With any luck, someday some of your processes will become valuable to others.  If and when that happens the more of your processing that is being done in SQL the cheaper and quicker it will be to make your process available to lots of people (i.e. “productionize” it).  There’s a huge difference between sitting down with the IT folks and showing them your Perl scripts and showing them your SQL.  I’ve seen Perl scripts induce looks of horror and disdain.  Usually SQL will get you “meh, that’ll be two weeks” which is exactly what I like to hear.

#4 – How you build your house

This is more a side-effect of #2 and #3.  There’s an old saying in woodworking:  “You can build a house with just a hammer and a screwdriver, but what’s it going to look like?”.  The act of using SQL and discussing your plans with FLDEs invariably turns up alternate ways of munging the data that needs munging.  I’m always surprised at how generally smart people will opt to create their own solutions using only  tools that’s they’re comfortable with (e.g. VBA – BTW, this stands for Visual Basic for Apps and is Excel’s scripting language) rather than asking around IT for better/quicker/easier solutions.  I’m all for being a Data MacGyver – heck, it’s what I do.  But very often the data you need is already available elsewhere, or the tables you’re joining in Microsoft Access can be brought together on the backend by coordinating the creation of a database link.  SQL facilitates discussions with FLDEs and their FLDE-ness will rub off on you.

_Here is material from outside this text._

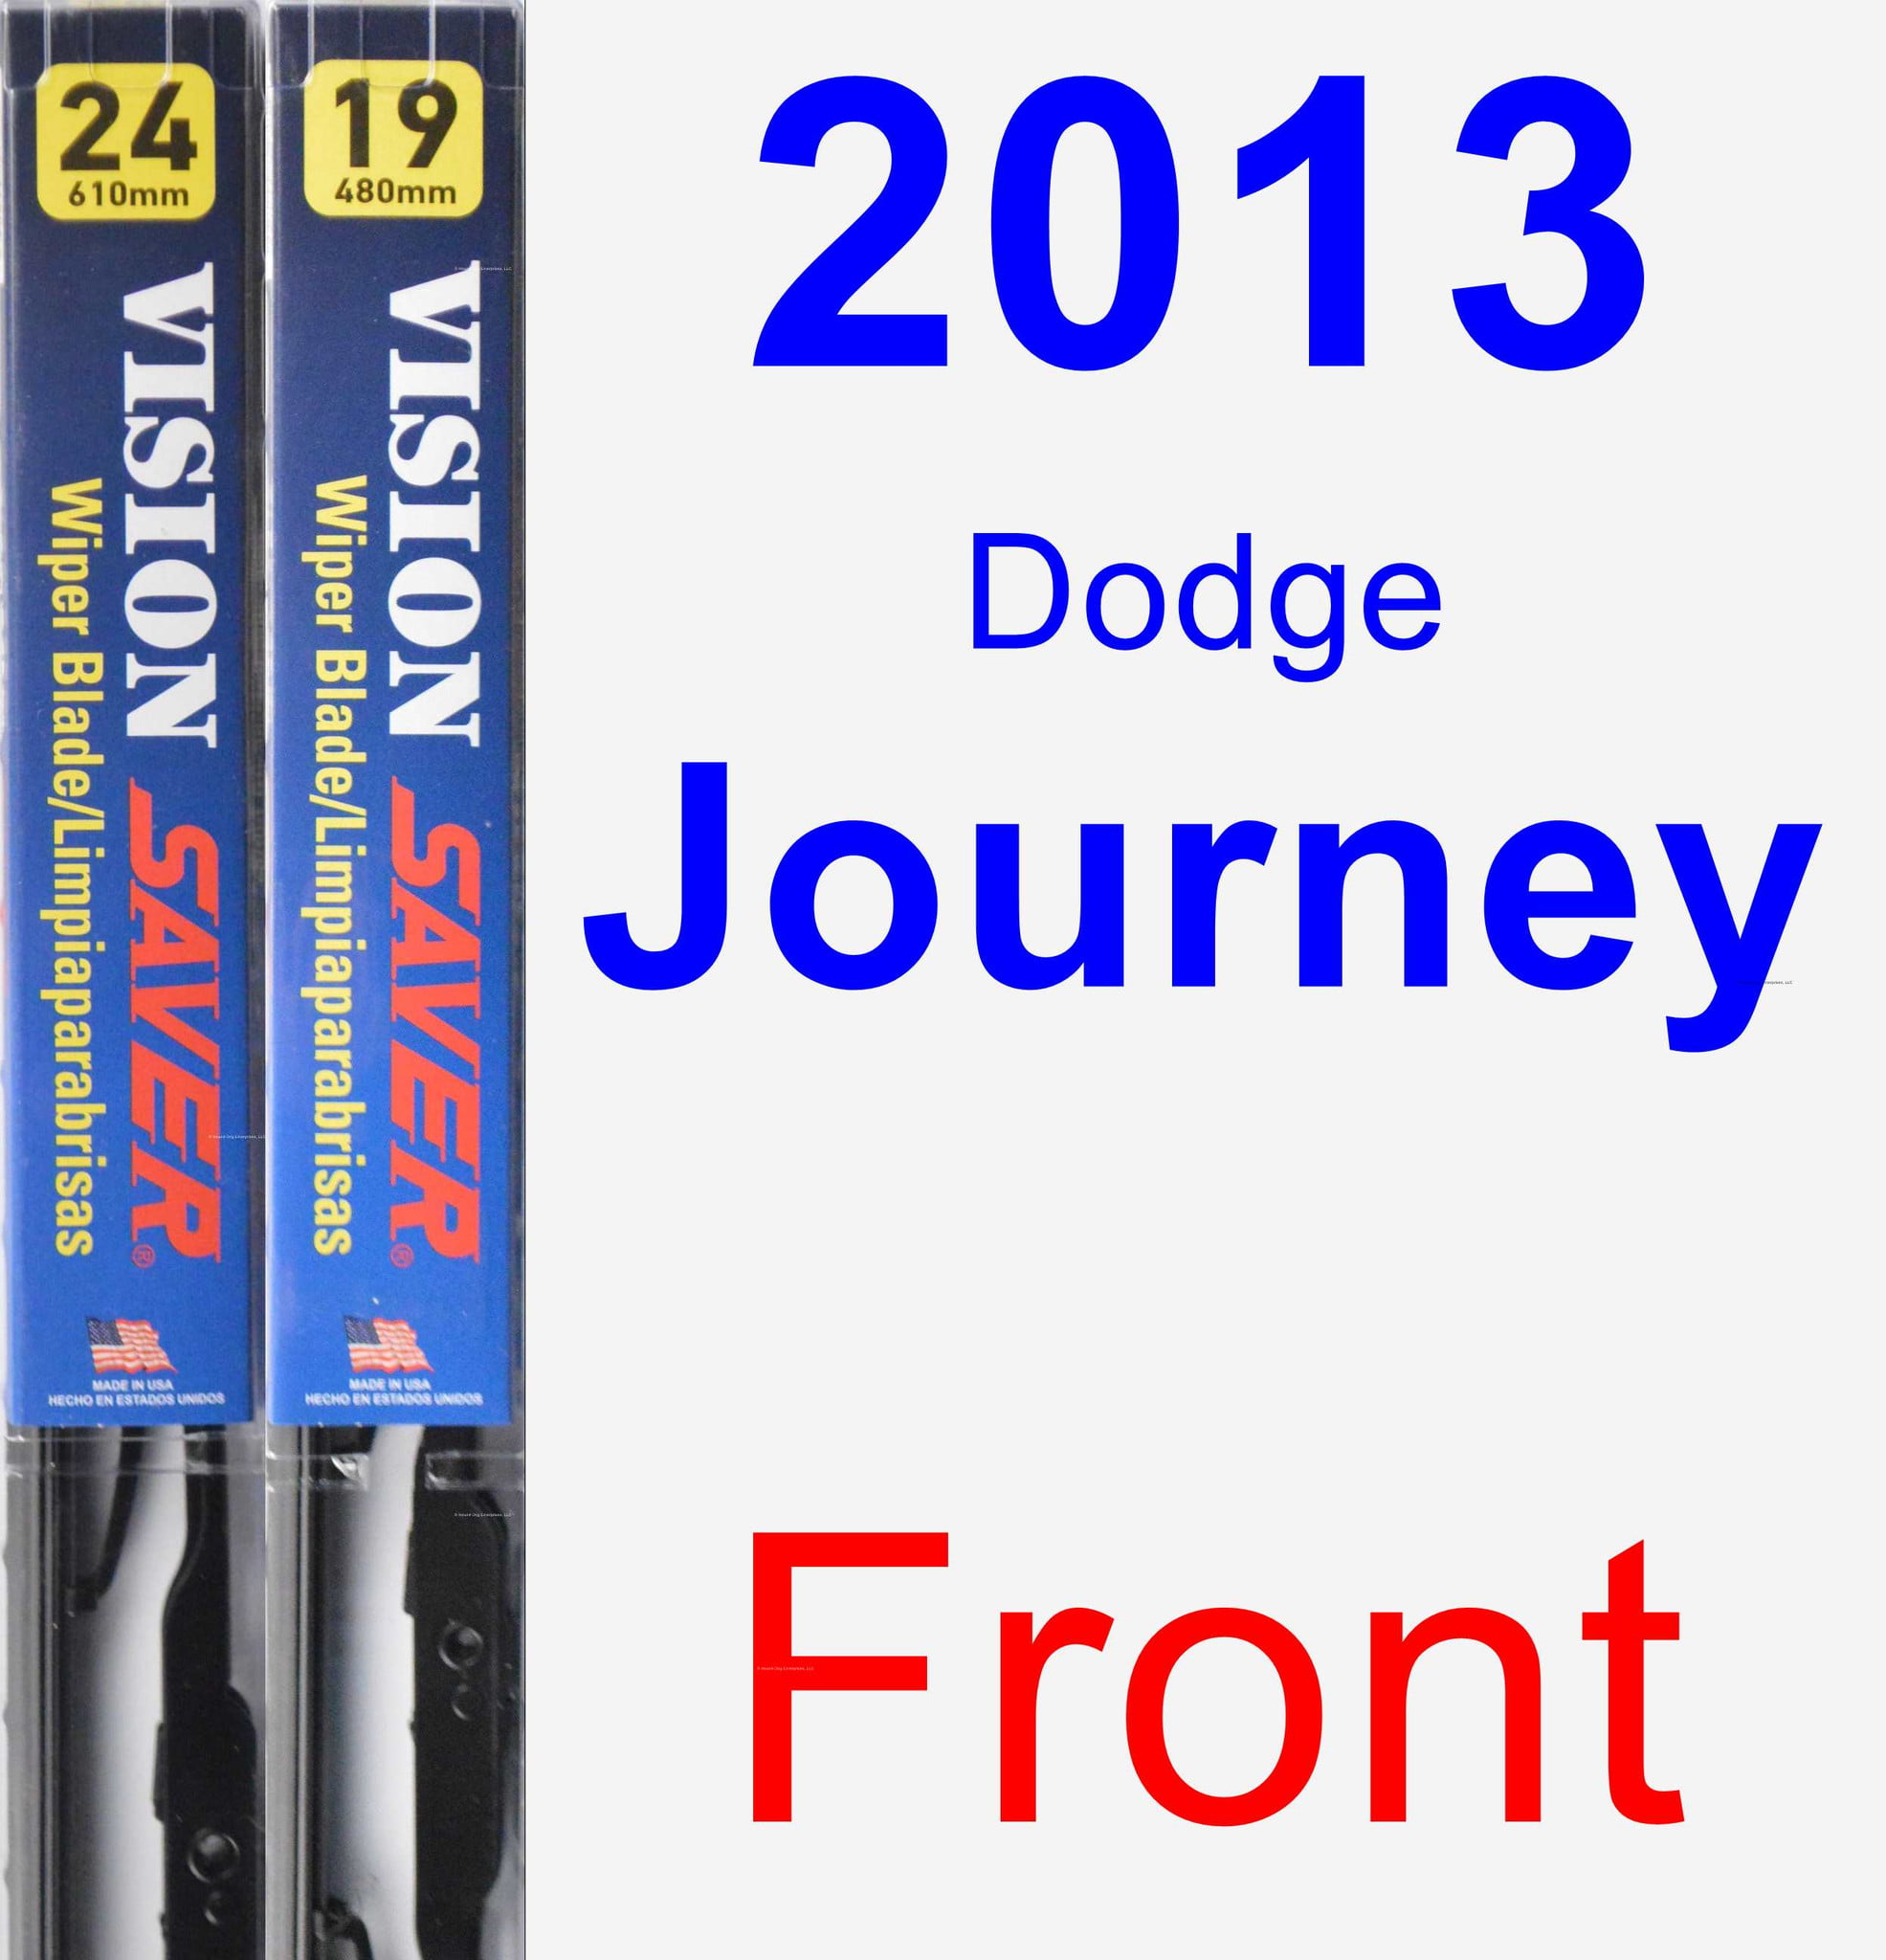 2013 dodge journey wiper blades

#5 – FLDE’s will love you!

Well, I aint’ going to lie – many of them will hate you for bothering them.  But the smart ones will love you.  They know that deep down inside you’re their customer and a lot of this munging is stuff that possibly should go into a datamart anyway.  You’re essentially on the front lines doing free Business Analysis for IT and this is the way you should present it to them (in case they don’t notice) – though you probably don’t want to literally say “I’m doing free business analysis for you, so help me’ – be tactful geek!  But eventually, they may start contacting YOU – “Will you find this new table useful?”, that kind of stuff.  FLDEs all know that in a pinch, when the business mandates some new functionality be put in place by next month (or whatevs), they’d much rather get handed a bunch of SQL.  Helping you helps them.

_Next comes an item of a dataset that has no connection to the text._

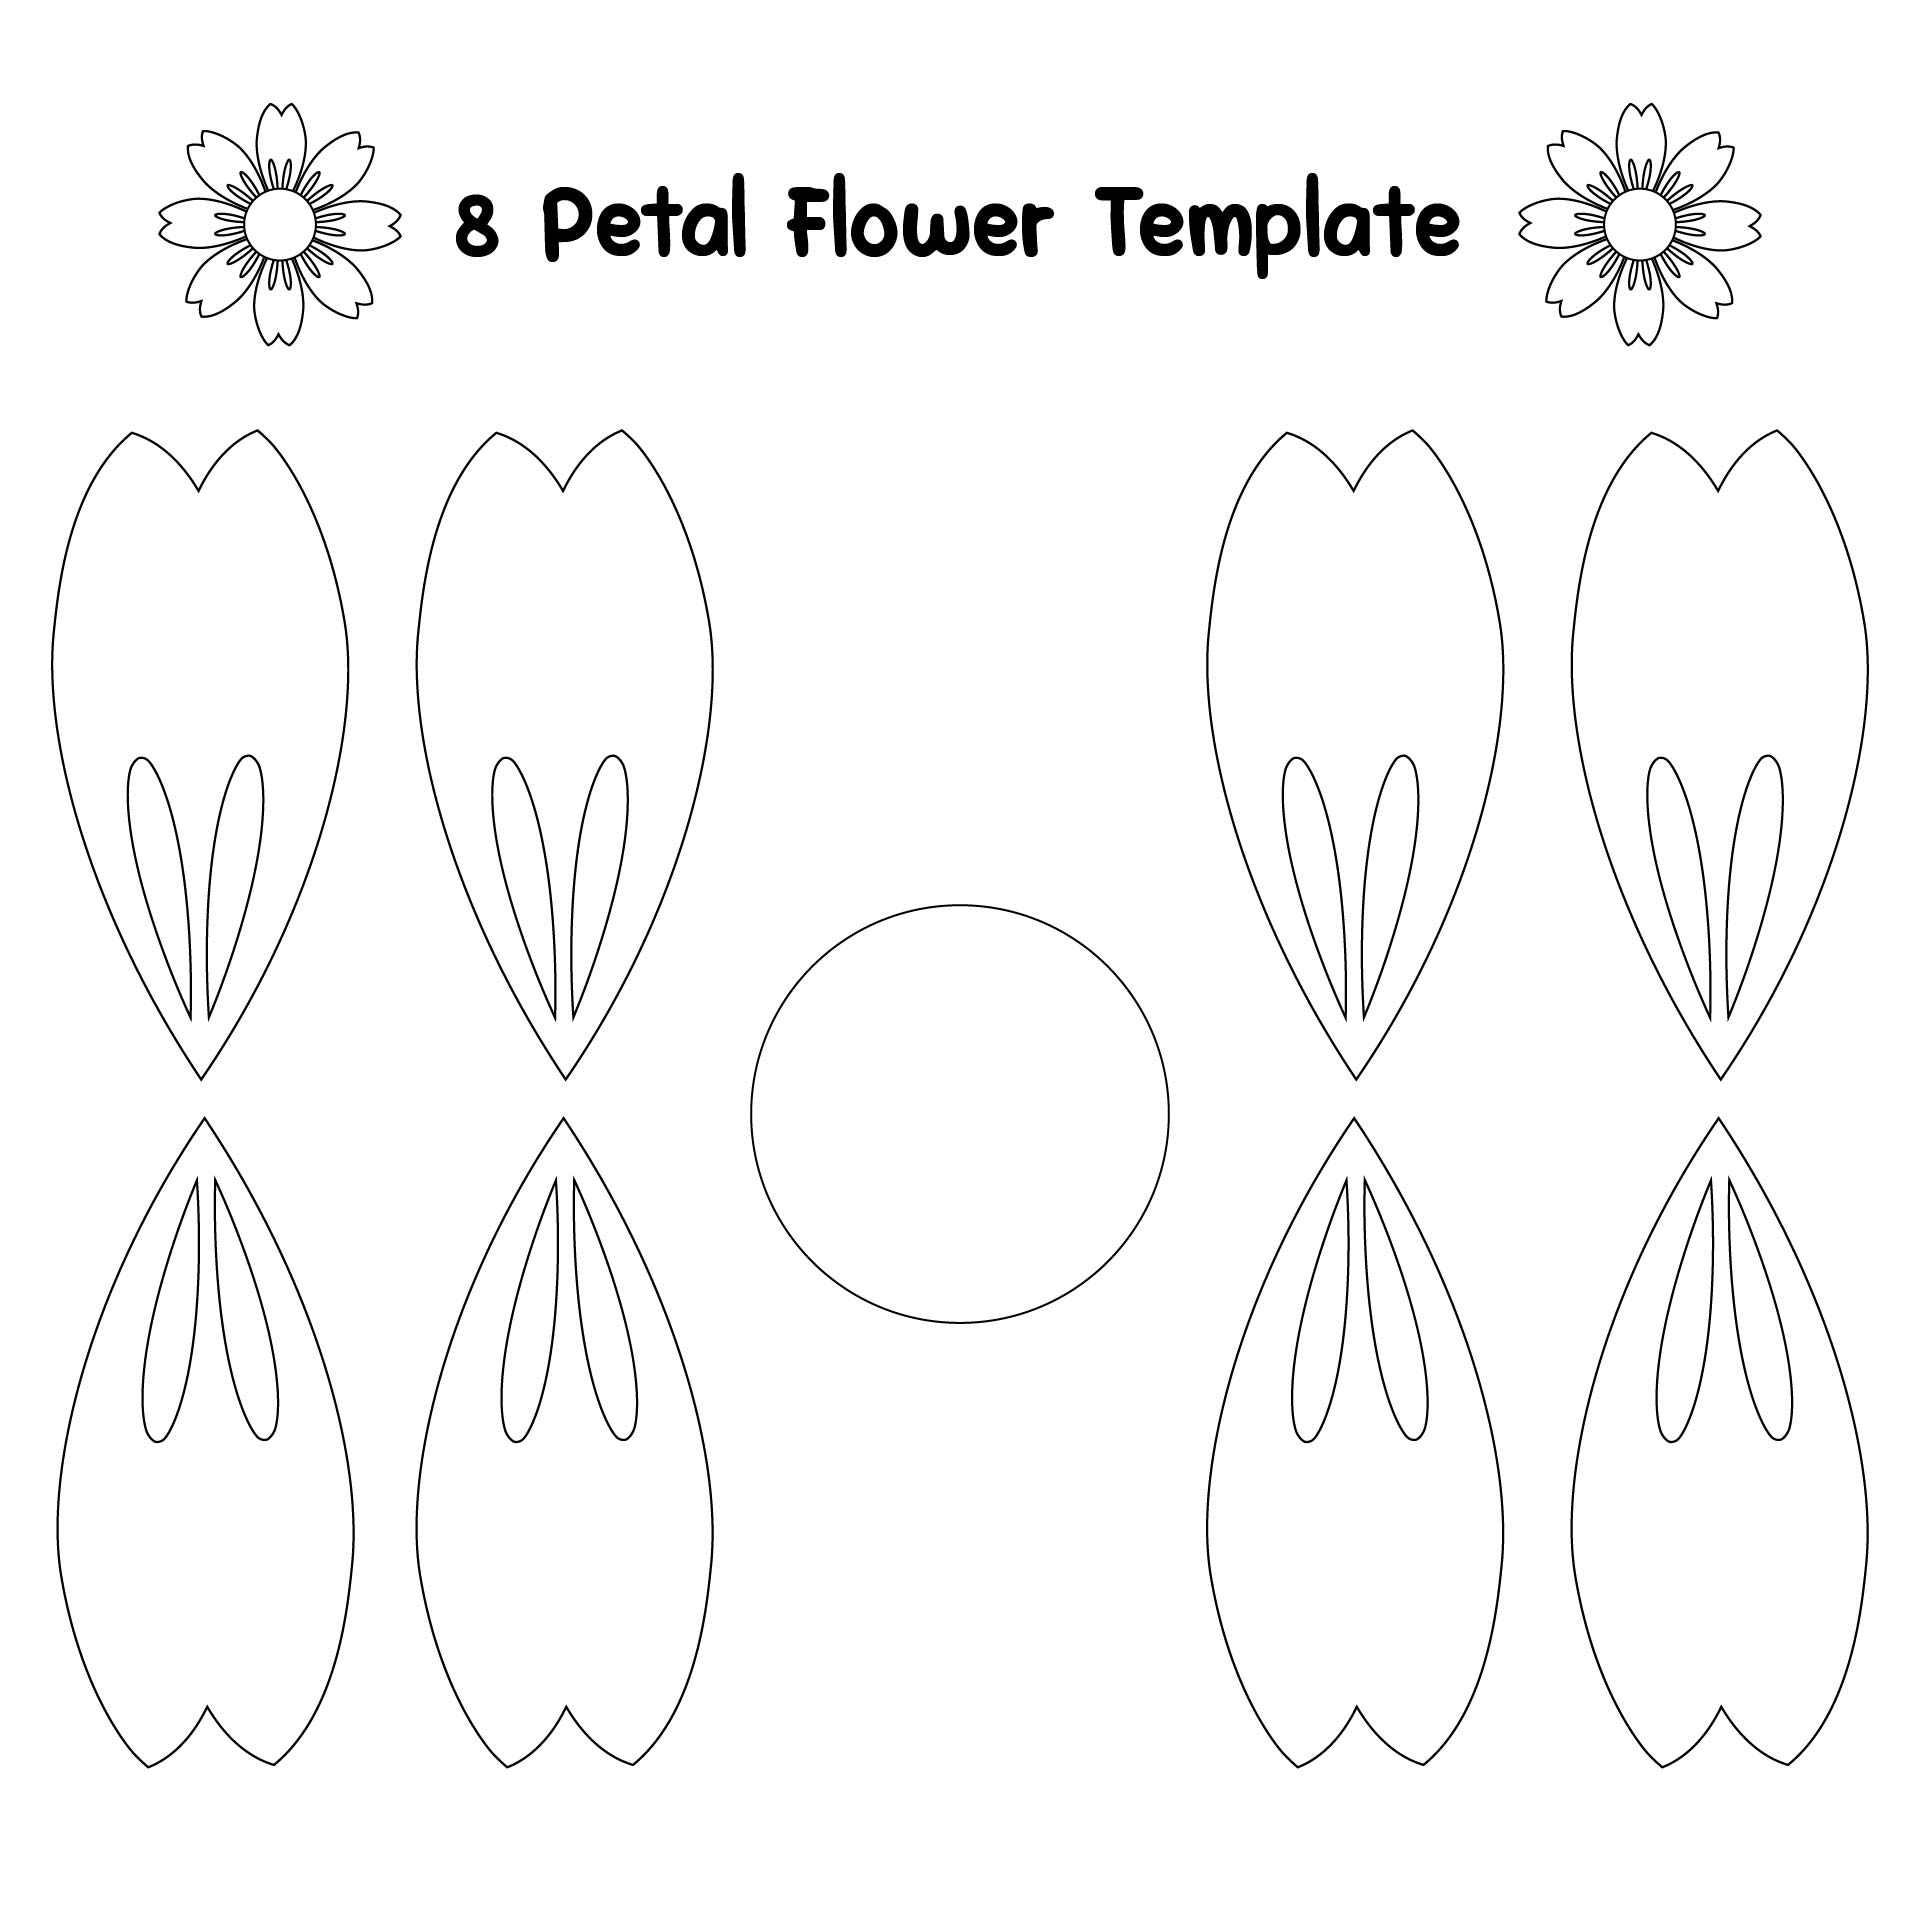 8 Petal Flower Template

There you have them.  You wouldn’t go to Italy with learning a little Italian, “the beautiful language”.  Why on Earth would you do data munging without knowing everything that can be done in SQL?

SQL is truly “la bella lingua”.

Advertisements

Speak business

This Raconteur piece mentions learning to “speak business” as a critical skill for the data scientist.  For most I would recommend first just learning to speak.  Regardless of the domain, business is about being an informative, convincing, and entertaining speaker.  Yeah, I said entertaining – sue me.  The best model in the world is useless if you can’t convince the business line to use it and if your presentation is boring as sh*t, you’re not going to convince anyone!

You don’t need to be a life long Toastmasters member – just work thru the first ten speeches.  It’ll probably chance your business life.

GLM, GLM, GLM

Love this interview.  I didn’t realize Jeremy Howard, Chief Scientist at Kaggle, comes from an insurance background.  He gives out some nuggets of info on predictive modeling in insurance. He makes a point I’ve been shouting from the rooftops to whatever actuaries that will listen – predictive modeling of tough problems is so much more than GLM! The best overall model usually is a combination of techniques. As I talk to people in the actuarial world, the general feeling seems to be predictive modeling starts and ends with GLM, but it’s just once piece of the puzzle.

Another piece I often see missing in the actuarial world is unsupervised techniques – clustering, principal component analysis (PCA), Self Organizing Maps (SOM) – to create new variables which feed downstream.  I’m often surprised  how some crappy seeming cluster or principal component gets identified as an important variable by a  downstream algorithm.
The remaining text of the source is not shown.